We also closely collaborate with the Ad Ops and App Sales teams. In this part of the company, daily ad sales, ad mediation and paid user acquisition reports and aggregates need to be calculated. The data is then consumed and evaluated with the preferred tool of choice for each department. The Analytics department relies heavily on iPython and R, Controlling is mainly focused on Tableau reports and the visual representation of data, and the Ad Ops and Ad Sales departments rely on custom made dashboards, Google DataStudio reports, and ad-hoc analysis with Excel/Sheets.
To illustrate the point further, consider the following query. Anyone can run it on the publicly available BQ datasets that come bundled out of the box with a free GCP account.
Fig. 1: Query example on BQ.
The underlying “trips” table contains 130GB and more than 1.1 billion rows of data that represent yellow taxi fares in New York City from 2009 to 2015. The query included a yearly breakdown of vendors operating in the NYC area, their revenue, average fare cost, the distance traveled, and the total number of fares. It took 4.5 seconds to produce 16 rows of a high level report, which could then be downloaded as a csv or JSON file, saved to a new table, or a Google Sheets document, etc.

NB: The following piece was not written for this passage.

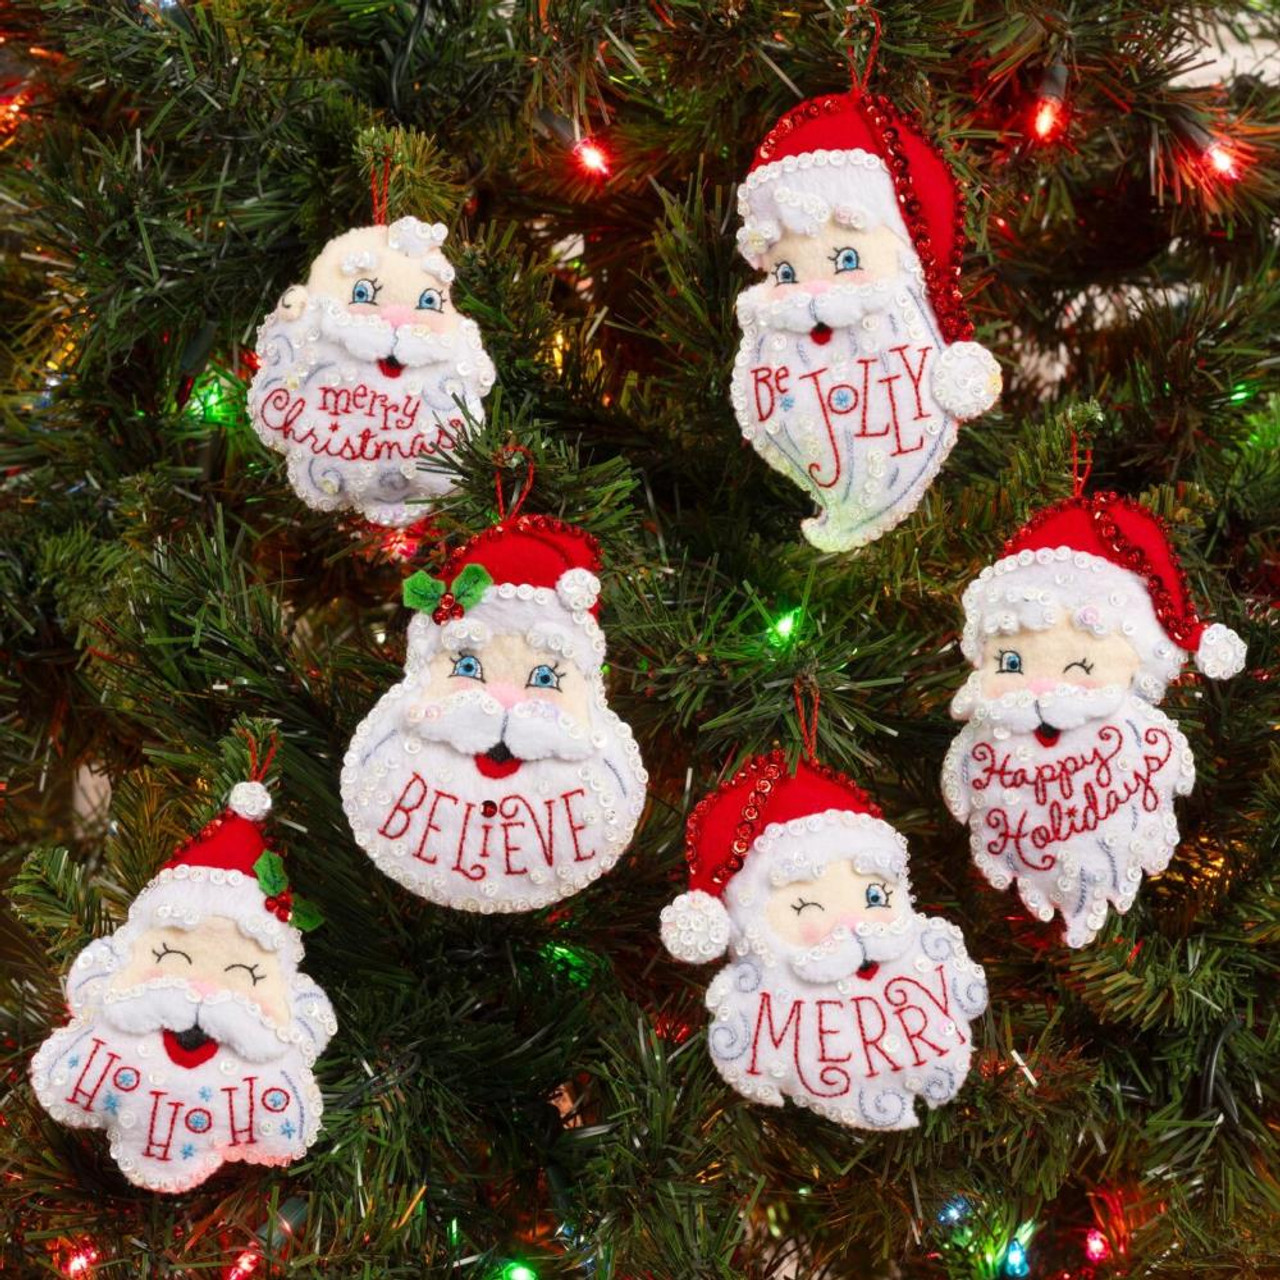 Bucilla Ornament Kit 48786 Mini Heirloom Christmas Figures Makes 6

Fig. 2: High level aggregation report from a table containing more than 1.1 billion rows of data, which took 4.5 seconds to produce.
Imagine that: it took BigQuery less time to scan 130GB of data and spit out a condensed report than it would take you to say “Where’s the star schema and other data warehousing buzzword shenanigans?” If that isn’t impressive for a data guy, I don’t know what is. All the upsides aside, however, there’s no such thing as free lunch. If that wasn’t a test, the above query would cost $0.15, excluding the cost of storage, which would bring the amount up to $2.60 per month, decreasing to $1.30 per month after three months.
But the days of a data backend engineer aren’t just filled with writing and running BigQuery jobs in one of the various language flavours we’re using, like Bash, Python, Java, etc. They’re also filled with other engineering tasks that are necessary to hold the whole infrastructure together. Nevertheless, if, at the end of the day, we had to choose and point to one of the tools in the GCP arsenal that currently saves the Data and Backend teams the most amount of time, we’d probably say it’s BigQuery. In a competitive industry such as gaming, you need to have a reliable support system that continues to pave the way forward and, for us, that’s BigQuery.